Thursday, November 12, 2009

KAZAN


So it's been awhile since my last post. Been a crazy month working and traveled to California and back for a video job. Fortunately, before I left I went to see On The Waterfront at the Film Forum with a good friend. The experience was so awesome that it kept me going during the grueling West coast gig. I've seen the film many times, but never on the big screen. My father used to speak so highly of it when I was a kid and so when I finally reached the right time in my life I began watching films that I remembered my father talking about. On The Waterfront stood out among them, just as he described. Sometimes I wish my father was still around to discuss things with. God damn it that really stinks, but at least I'm able to check the shit out here in NYC.

Everything about that film is intense and so well crafted. Superb script. Superb acting. Superb cinematography. Superb score by Leonard Bernstein and so on. And, of course, Kazan's direction is without a doubt an historical moment in cinema. I won't get into all that McCarthy era crap as I prefer to think about the work, since that is what survives in the end.

In the early 50s there was quite a bit of greatness going on in American cinema...Sunset Boulevard comes to mind as a masterpiece. Billy Wilder was able to work that Hollywood machine and the production value of that film shows it.
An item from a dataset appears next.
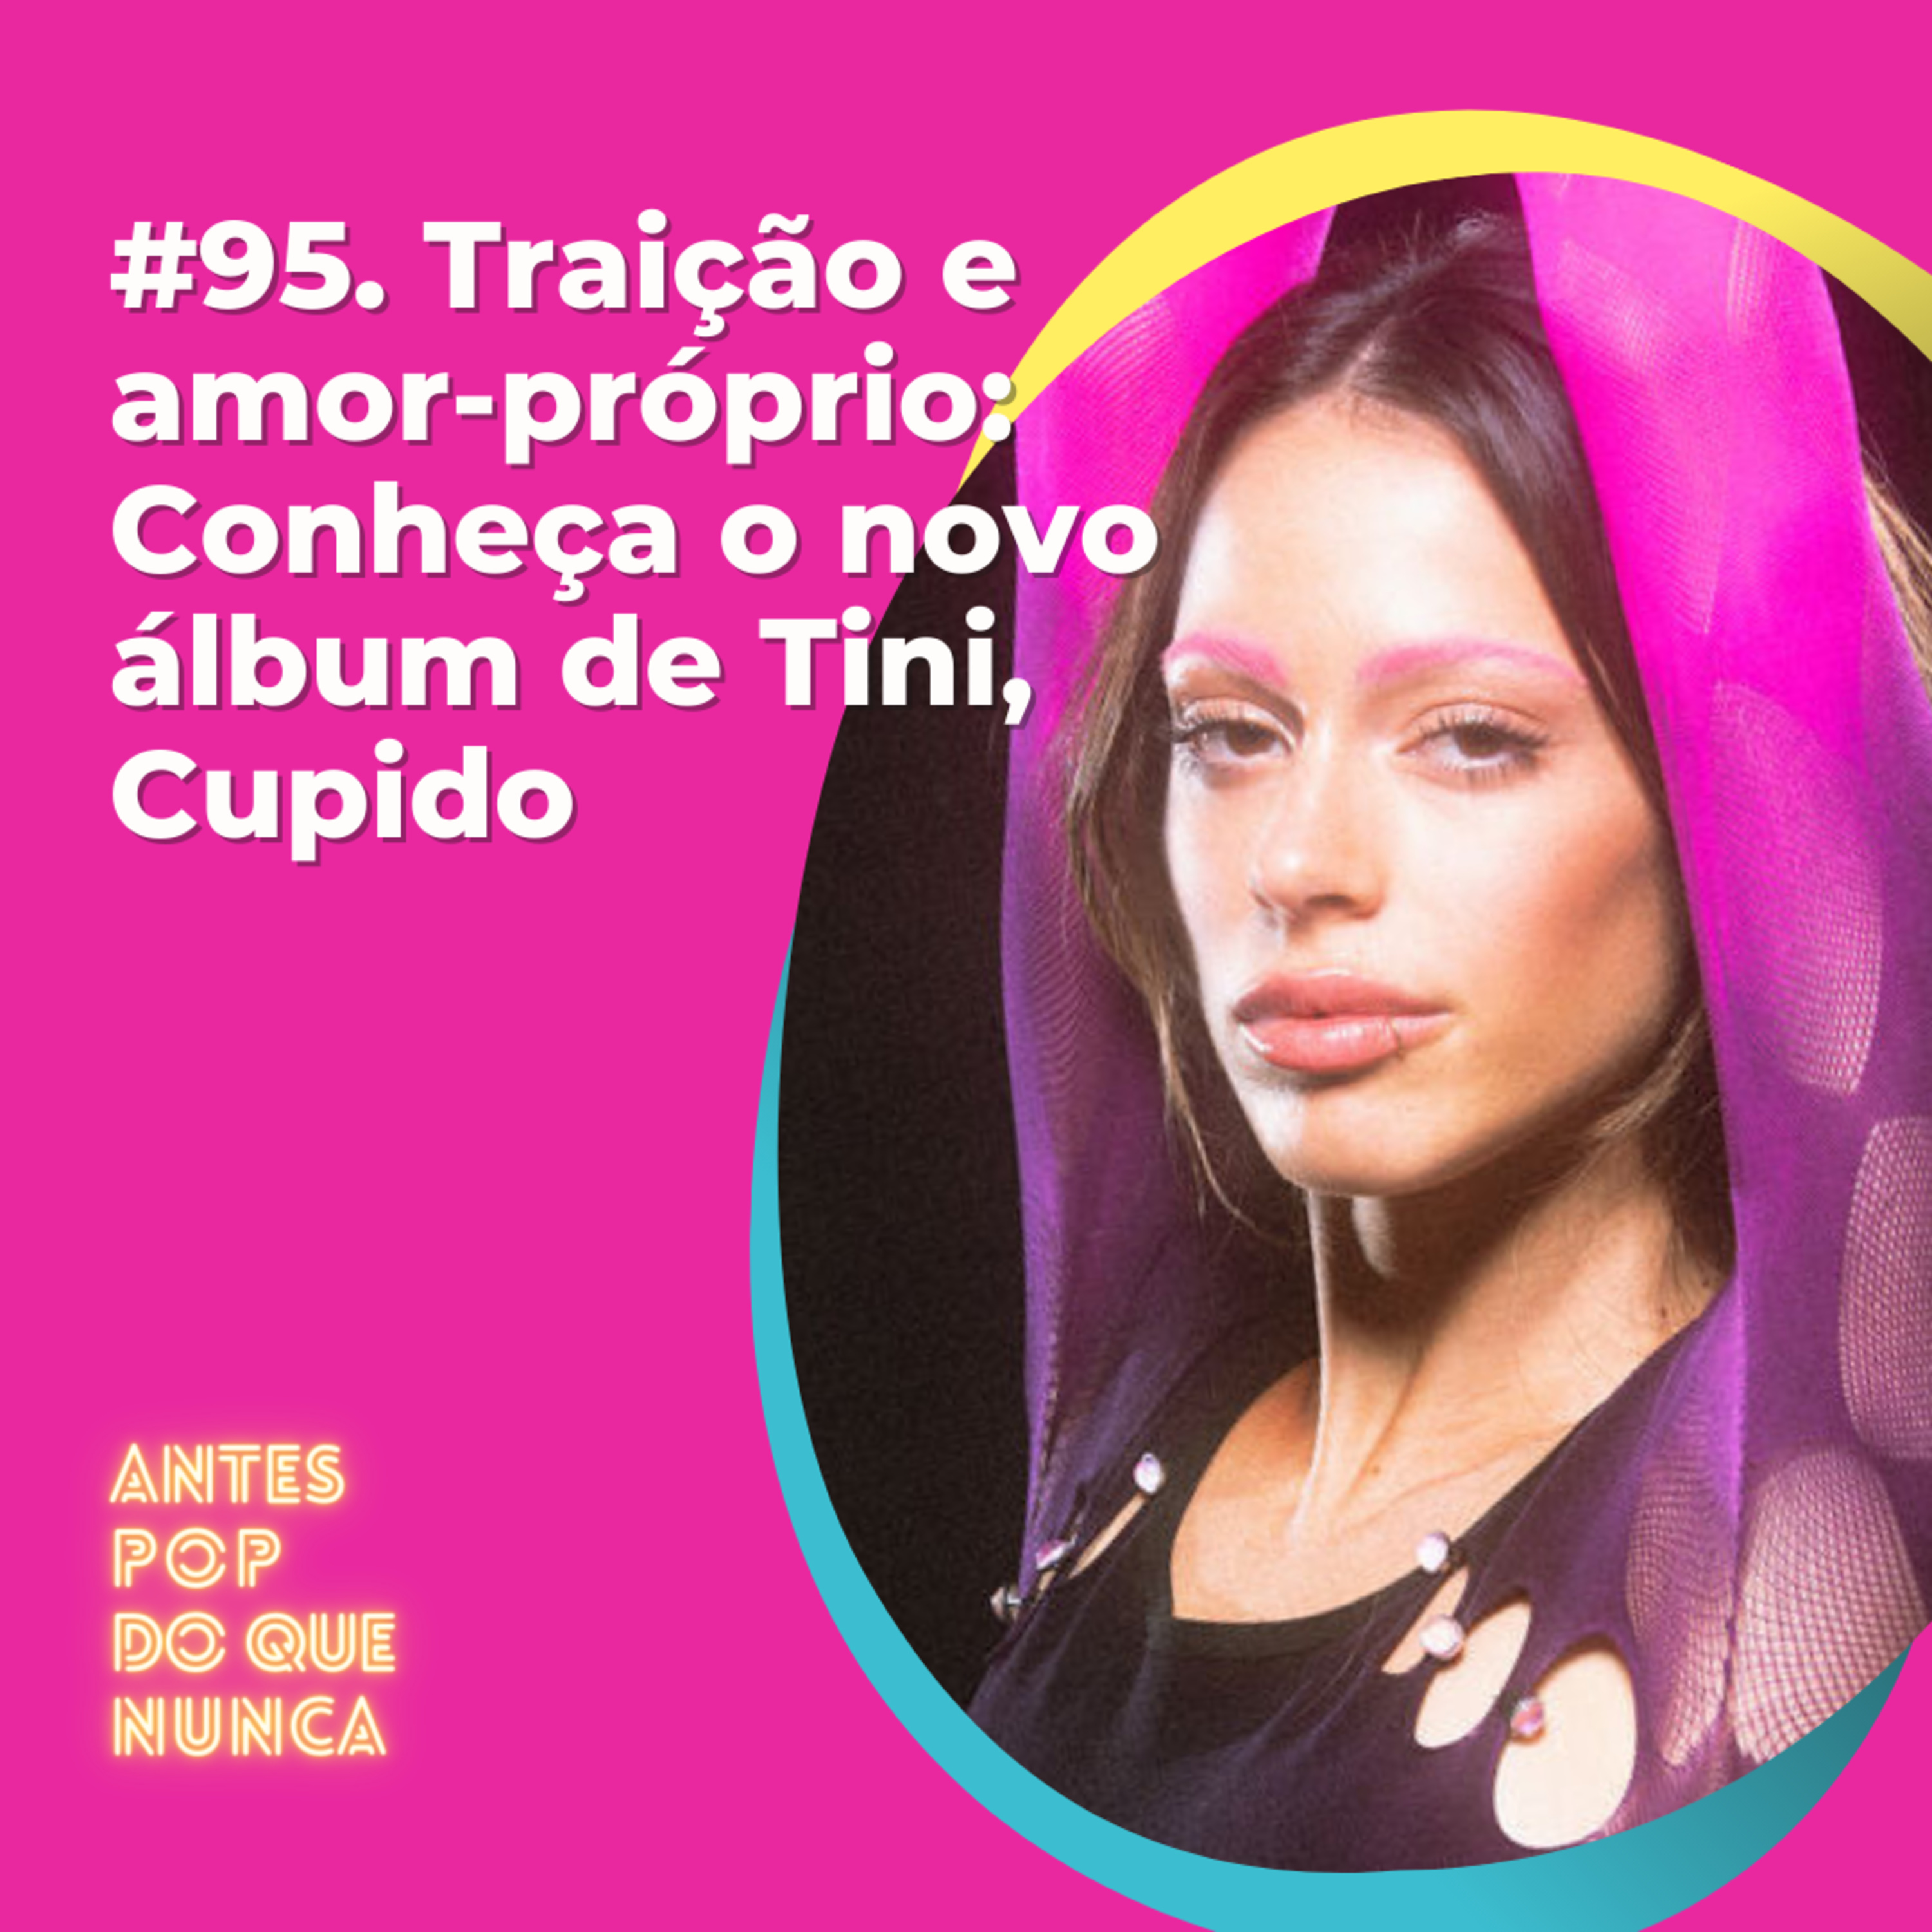 #95. Traição e amor-próprio: Conheça o novo álbum de Tini, Cupido

On The Waterfront, however, is a gritty portrayal of life on the docks in the mob controlled union. Most of us know the picture so I don't need to go into details. I only need to express my gratitude that the picture exists. The black and white pictures are so fucking slamming to look at. I miss black and white sometimes. Although I love color I feel that black and white often leaves things more open for interpretation and my brain connects with this.

It is undoubtedly a powerful piece with many levels of expression and I think it is even better than Streetcar Named Desire. Streetcar is also an amazing movie, but for me On The Waterfront goes down as that all encompassing marriage of human art forms that make for a truly sincere and deeply moving film.